Monday, 9 August 2021

But the LORD came down to see the city and the tower the people were building. – Genesis 11:5

Today's Scripture Reading (August 9, 2021): Genesis 11

Swiss Roman Catholic Theologian Hans Urs von Balthasar, in his "Unless You Become Like This Child," argued that "(Mary's) Son first had to be the Child of the Father in order then to become man and be capable of taking up on his shoulders the burden of a guilty world." It is the story of Christmas, of God come down to earth for the express purpose of our redemption. It is the story of the perfect Son of God who comes down to take the burden of a guilty world onto his shoulders. But the Christmas story is not the only time that God came down to meet with his creation. It was the only time that God came down to take the world's guilt onto his own shoulders.

At the beginning of the story of humanity, Adam and Eve existed in a garden, tasked with the job of taking care of creation. And in the evenings, God came down. "Then the man and his wife heard the sound of the Lord God as he was walking in the garden in the cool of the day, and they hid from the Lord God among the trees of the garden" (Genesis 3:8). Maybe the hope was that a physical relationship where God walked among us in the cool of the day would be enough to keep Adam and Eve making good decisions. But the effort failed. Even though God walked in the garden with his creation, they still decided to go against his will.

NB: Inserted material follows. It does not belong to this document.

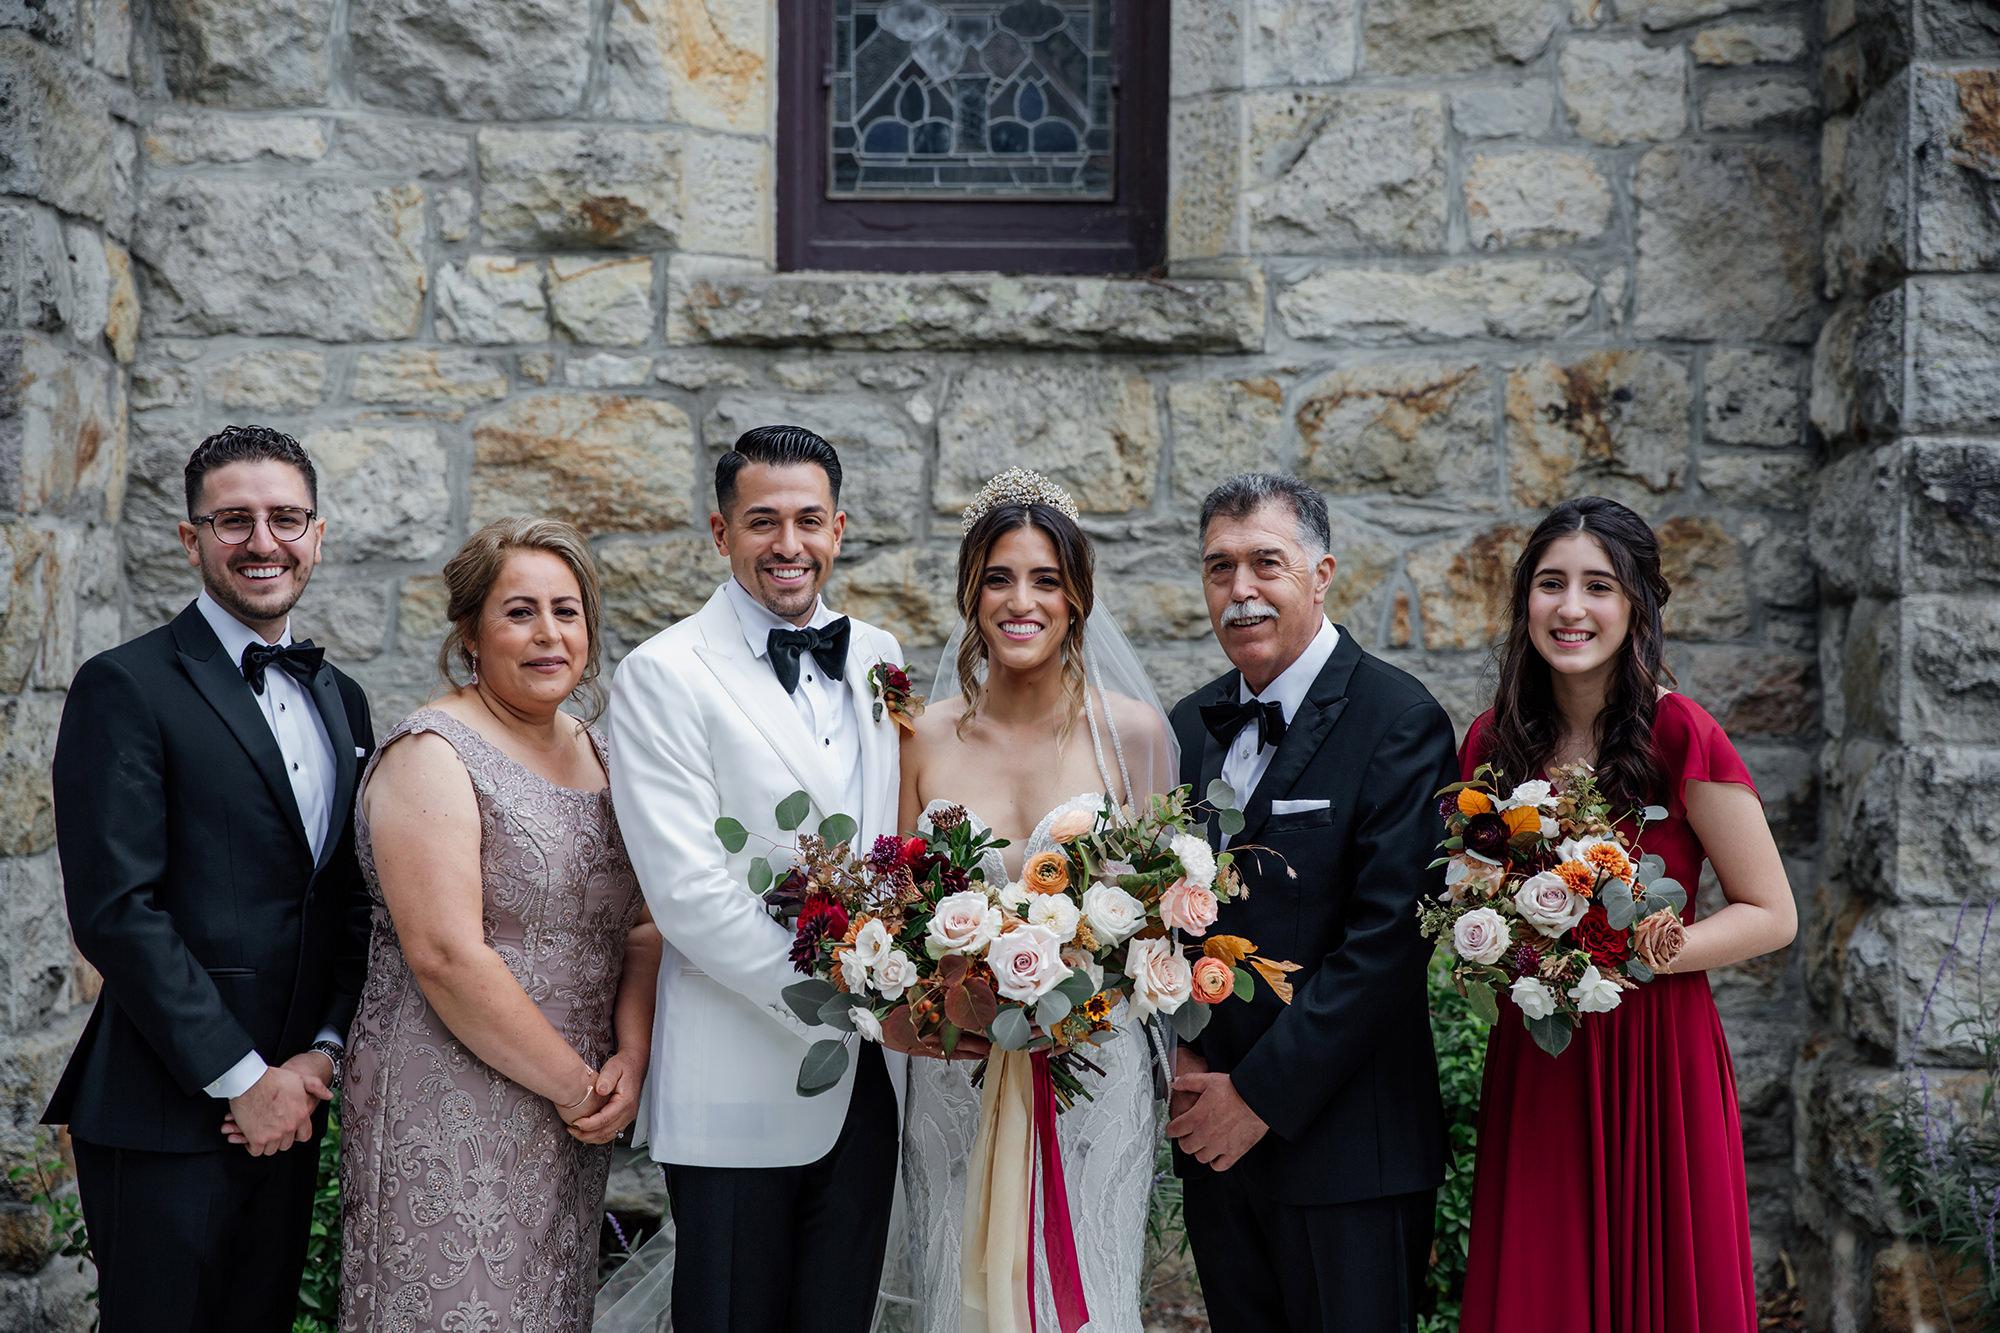 Family photos after wedding ceremony at St Helena Catholic Church

In the days of Noah, God came down once again. "God saw how corrupt the earth had become, for all the people on earth had corrupted their ways" (Genesis 6:12). God came down and saw the evil that we committed and tried to purge the earth of its sin. God decided to start over again with Noah. The hope was that the second Adam and his descendants would do a better job than the first.

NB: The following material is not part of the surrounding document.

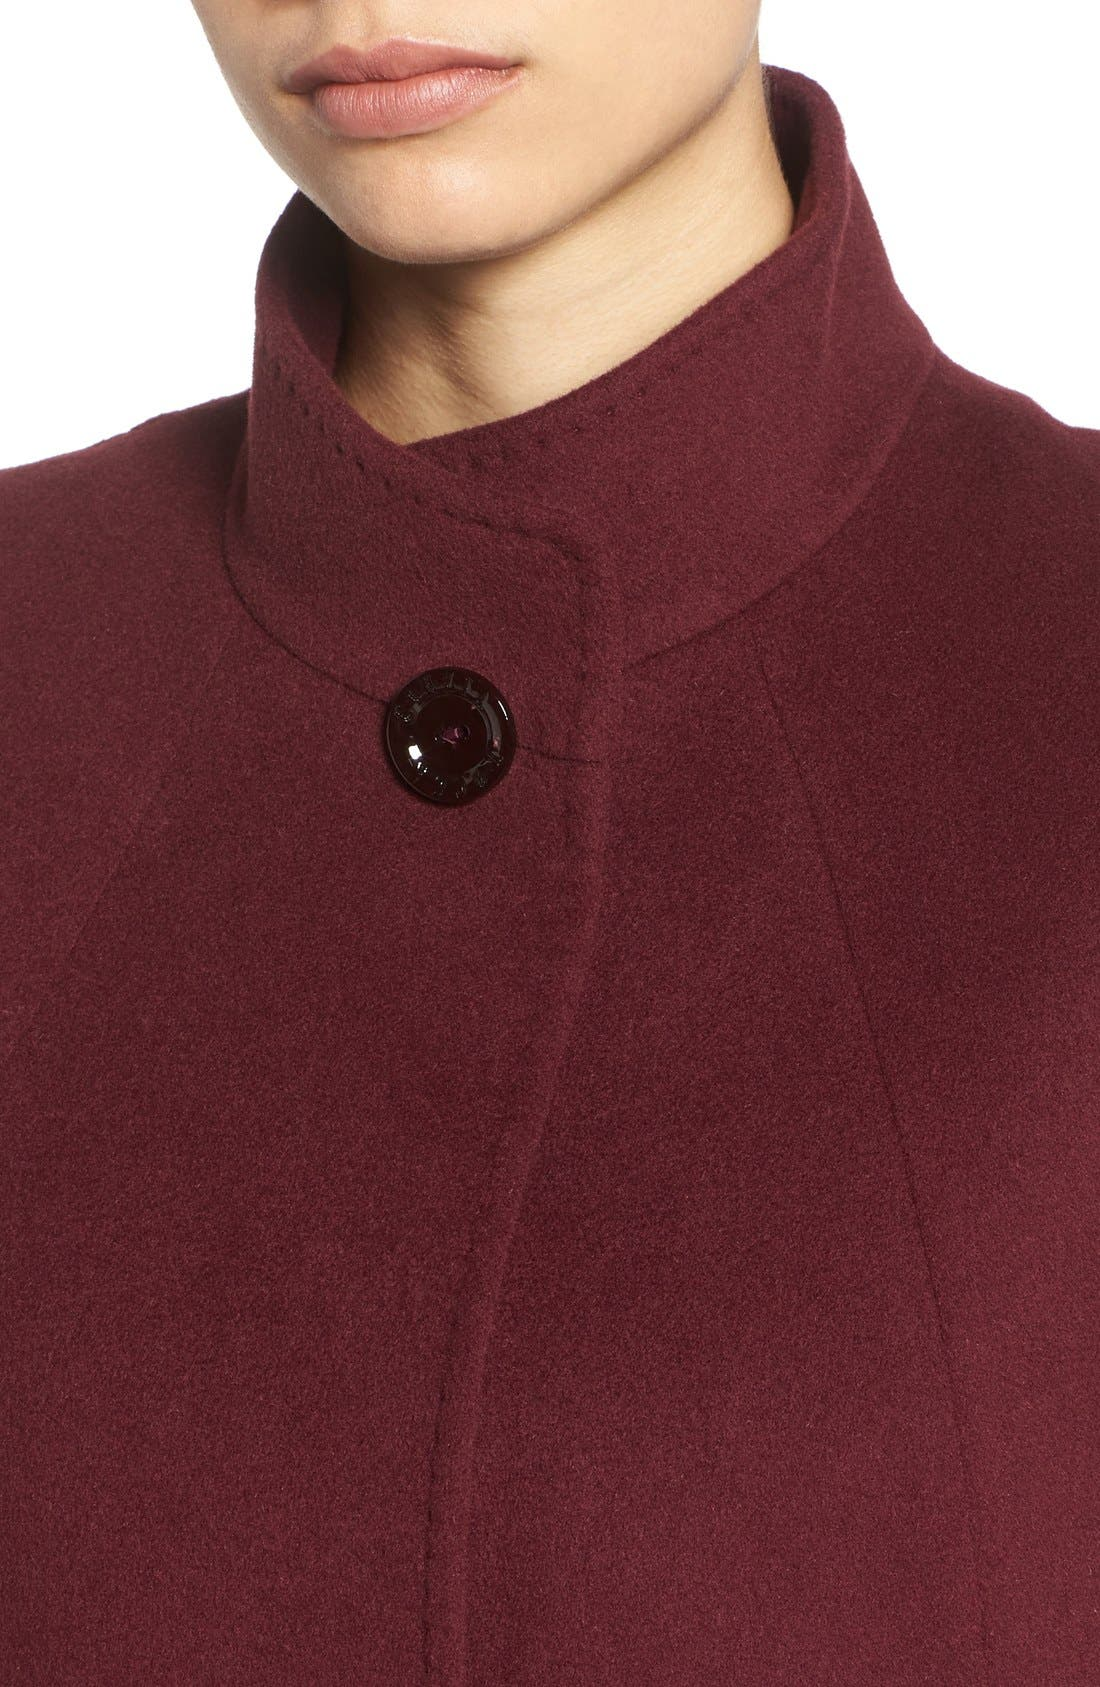 Cinzia Rocca Stand Collar Walking Coat,                             Alternate thumbnail 9, color,

As the descendants of Noah multiplied, they moved to the East of where Noah finished his life, to the plains of Babylon, in modern-day Iraq. And there, on the plains, they decided to build one of the first great cities. Babel on the plains of Shinar or Babylonia probably predated Eridu, Byblos, Jericho, Damascus, Aleppo, Jerusalem, or any other great cities that like to lay claim to the title of "the first city."

God came down to see the city of Babel and the tower that was being built there. And God realized that all of his hopes for Noah had been for naught. The descendants of Noah didn't do any better; they had failed just as the descendants of Adam had generations earlier. Babel was now a city on which God's judgment would fall. By the way, it is unlikely that the inhabitants of Babel called the city by that name. That was a name given to it by the descendants of the cities inhabitants, one given to it in the aftermath of God's judgment which confused the language of the citizens of the city.

What was needed was a different kind of solution. And so, God scattered the descendants of Noah, and they would stay scattered until God would come down once more as the Son of Mary, and under his banner, all the world would be unified and redeemed.